The A167 continues through Gateshead across the Tyne Bridge into Newcastle upon Tyne, where it becomes the A167(M) Newcastle Central Motorway for a short distance. After the city centre it reverts to dual carriageway to its terminus at the Kenton Bar A1/A696 junction.

Originally the road was the A1(M), but changes to the route of the A1 have caused changes to the route number. When the A1 was re-routed through the Tyne Tunnel, it was renumbered as the A6127(M) – becoming one of only two four-digit, Axxxx(M) motorways, the other being the A6144(M) motorway. After the construction of the A1 western bypass, the Tyne Tunnel became the A19 and the A6127(M) became the A167(M).
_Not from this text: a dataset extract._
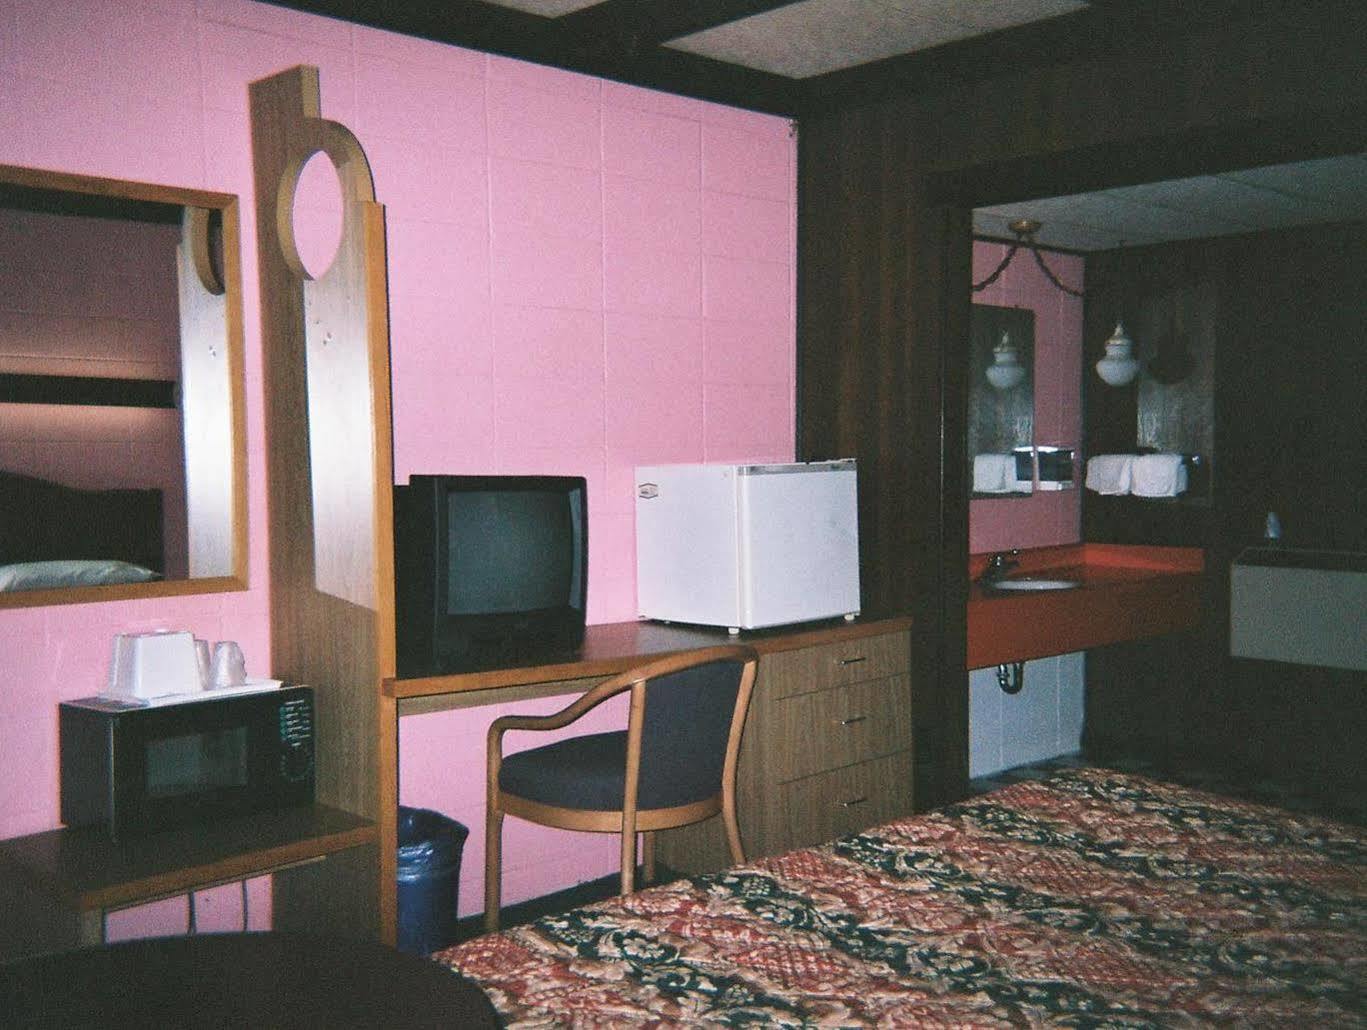 Motel Reedsburg Ngoại thất bức ảnh

The A167(M) is unusual due to having a slip road leading from an unclassified road directly onto the right-hand ("fast") lane at Camden Street, a result of its two-tier construction. However, as of late 2011, this slip road is closed. It also has other junctions where entry to and exit from the motorway is via the outside lane, which can lead to a lot of weaving and conflicting traffic movement. The A167(M) is subject to a 50 mph speed limit throughout.

===Construction===
The £7.7m contract was for 3 miles, given to Costain on Monday 7 February 1972. Work started in early April 1972.

It opened to traffic on Tuesday August 12 1975 at noon., and was officially opened at 11am by Chairman of Tyne and Wear Council, Derek Sleightholme.

===Junctions===

County: Location; Junction; Destinations (NB); Destinations (SB); Notes
Tyne and Wear: Newcastle City Centre; Town Moor; Jedburgh, Newcastle Airport (A696), Hexham (A69), Morpeth (A1) A167 B1318 – City Centre B1318 – Gosforth; Northern terminus; Road continues northward as A167
Jesmond Road: Tynemouth , the EAST (A1058)
New Bridge Street: B1307 – City Centre Wallsend (A193); Exit to Carliol Square from northbound only. Entry from Carliol Square to northbound and southbound via roundabout.
Carliol Square: No access
Pilgrim Street: Southern terminus; The SOUTH, Gateshead (A1(M)) A167 Walker, City Centre (A186); Road continues southwards as A167.
1.000 mi = 1.609 km; 1.000 km = 0.621 mi Incomplete access;

==Future==
In June 2019, North Yorkshire County Council prioritised a scheme to construct a bypass on the A167 around the town of Northallerton in North Yorkshire. This would be a north–south road which was costed at £40 million in 2019.